* [SUPPLIED INFORMATION]:

--- START ---

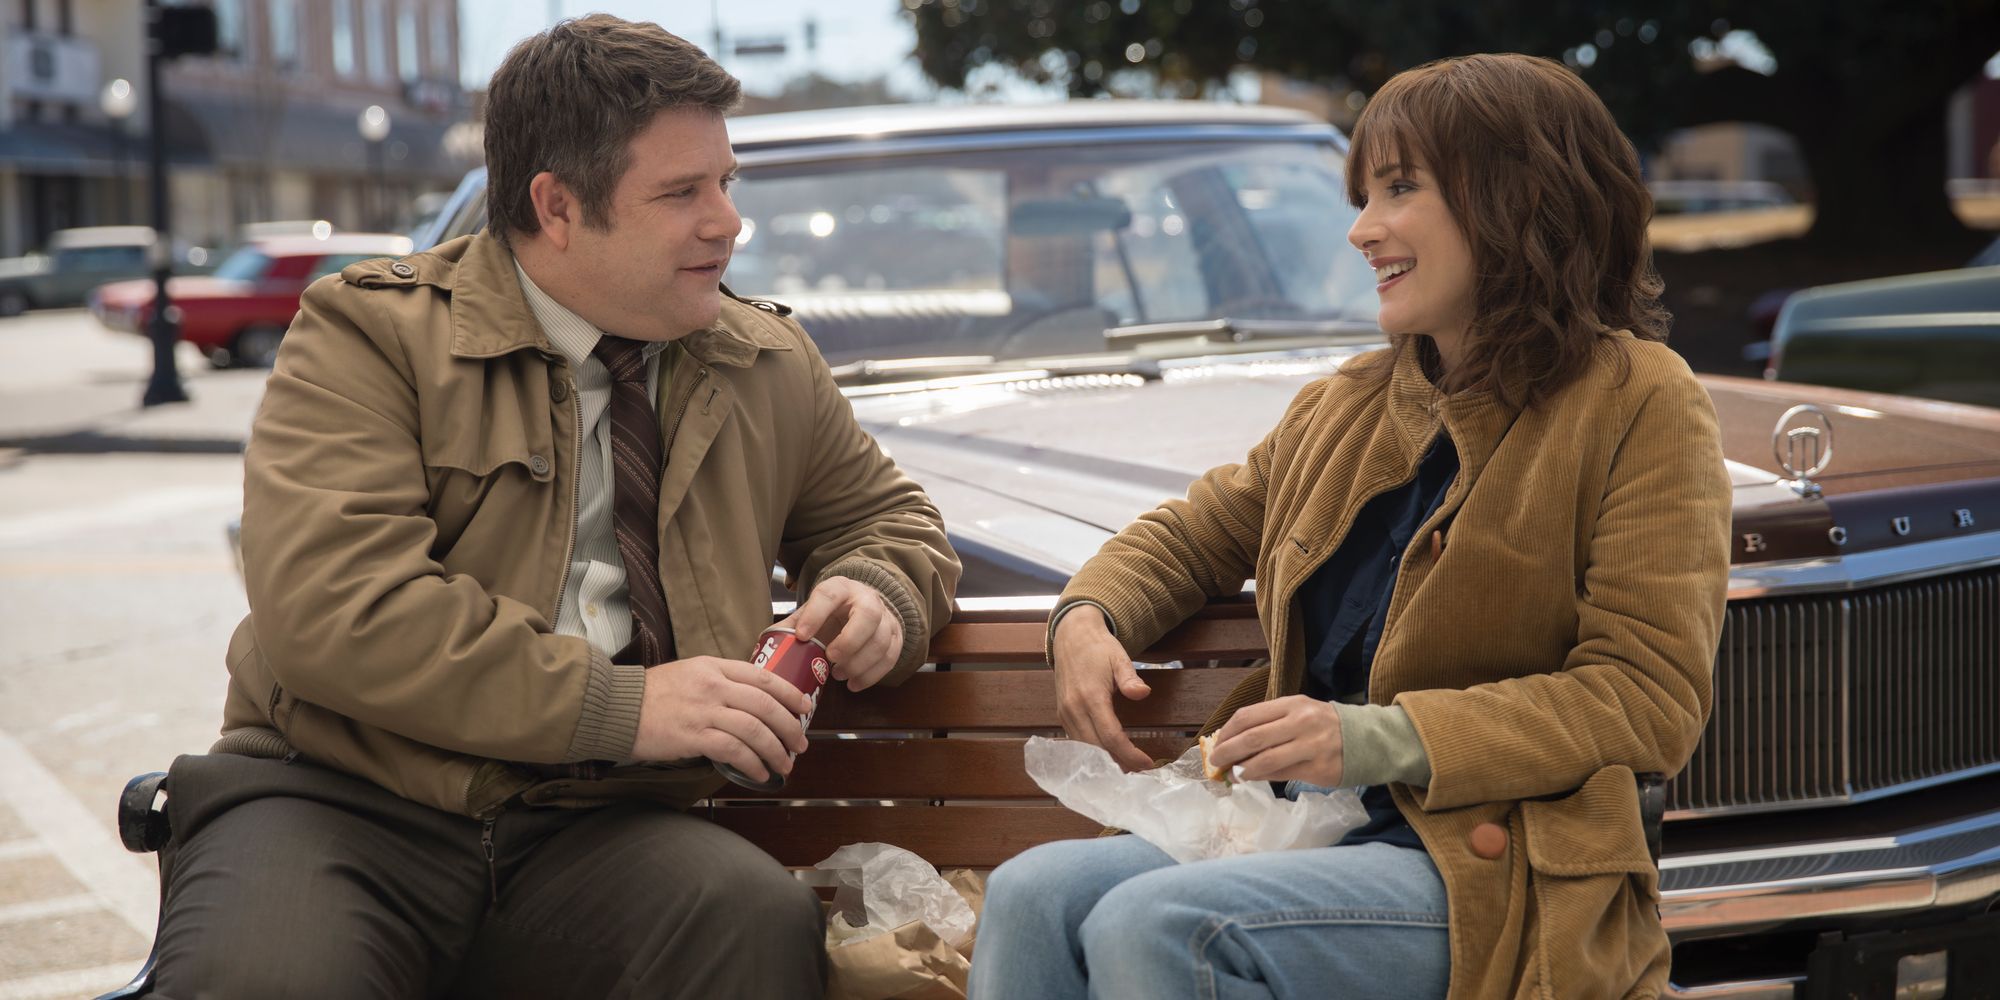 Sean Astin and Winona Ryder in Stranger Things 2
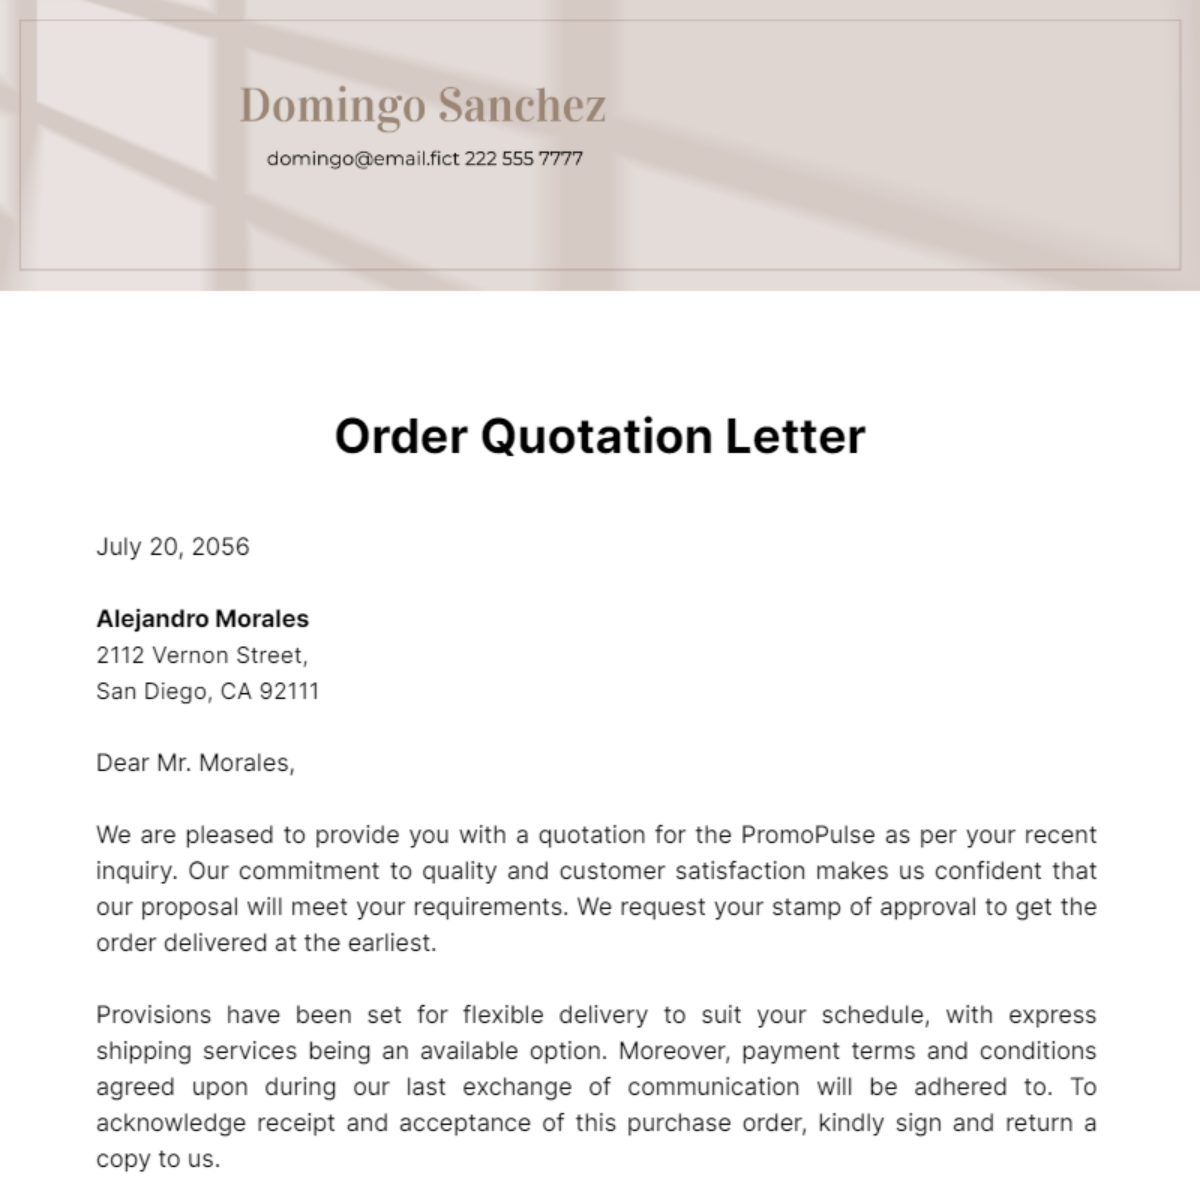 Order Quotation Letter Template
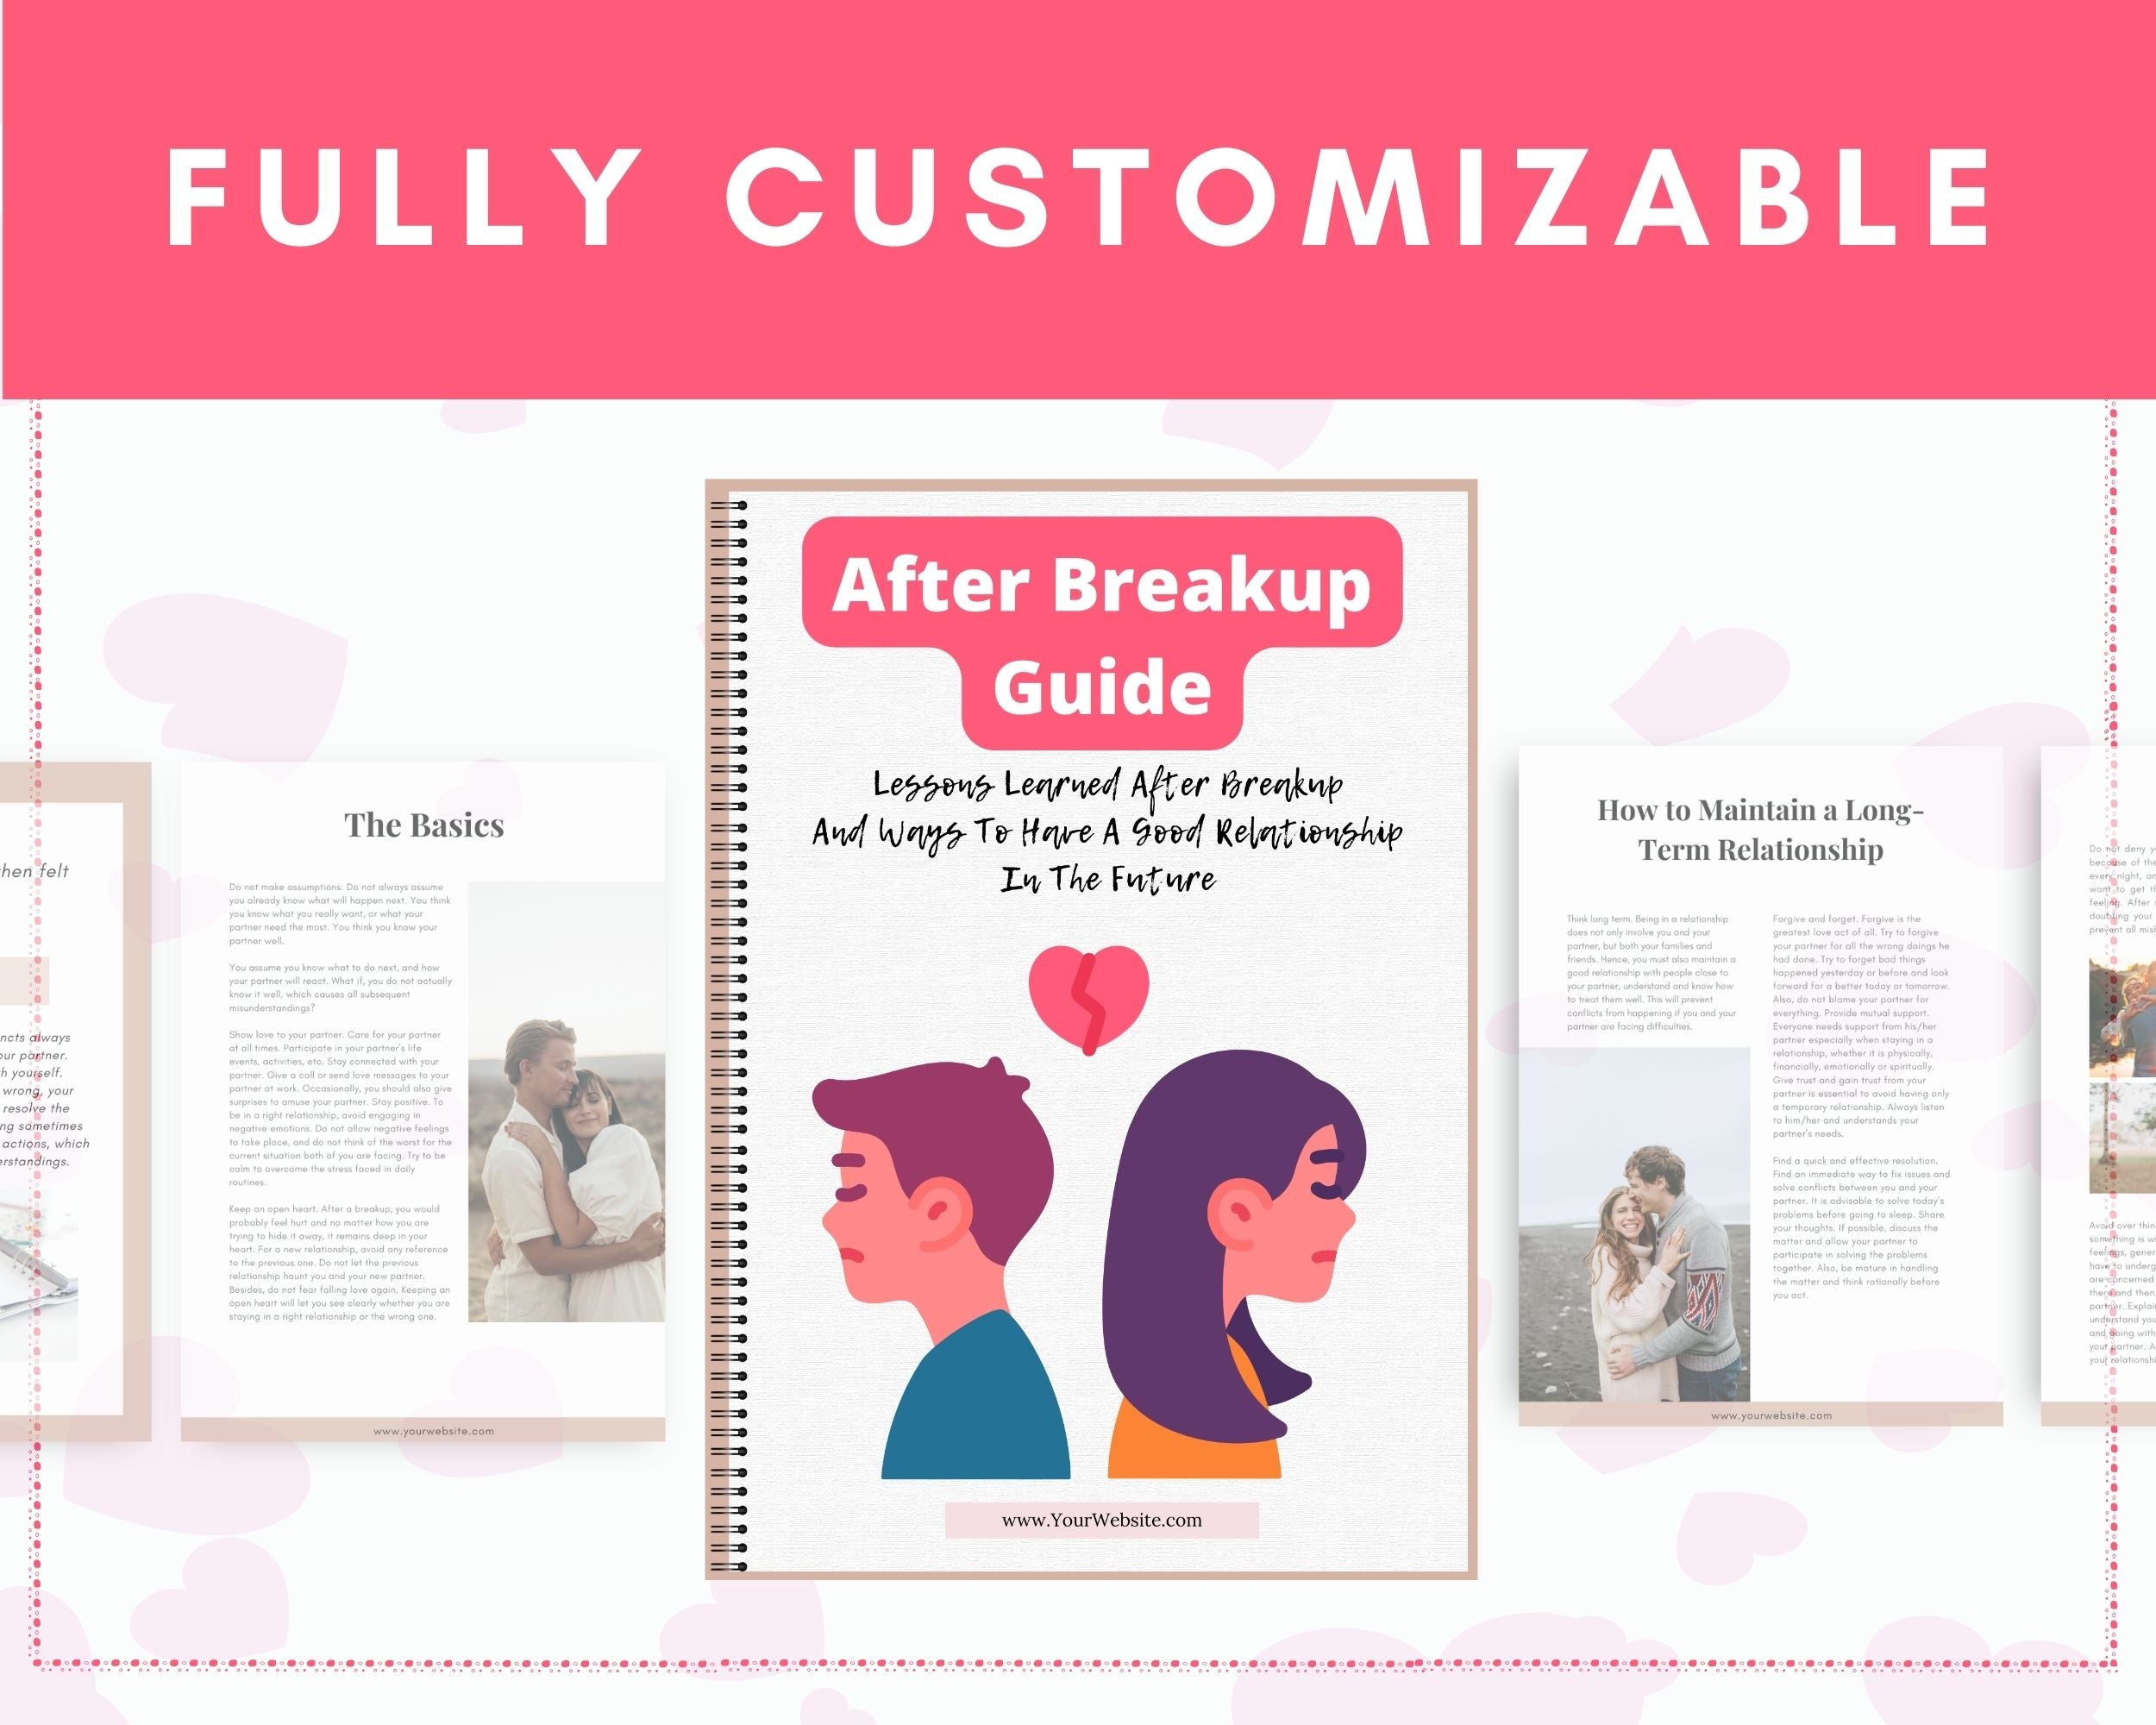 Editable After Breakup Guide | Done-for-You Ebook in Canva | Rebrandable and Resizable Canva Template

--- END ---

* [DESCRIPTION OF THE TASK]: Every line of the material should be repeated precisely; pictures are to be excluded.

* [EXERCISE SOLUTION]:
 Sean Astin and Winona Ryder in Stranger Things 2
 Order Quotation Letter Template
 Editable After Breakup Guide | Done-for-You Ebook in Canva | Rebrandable and Resizable Canva Template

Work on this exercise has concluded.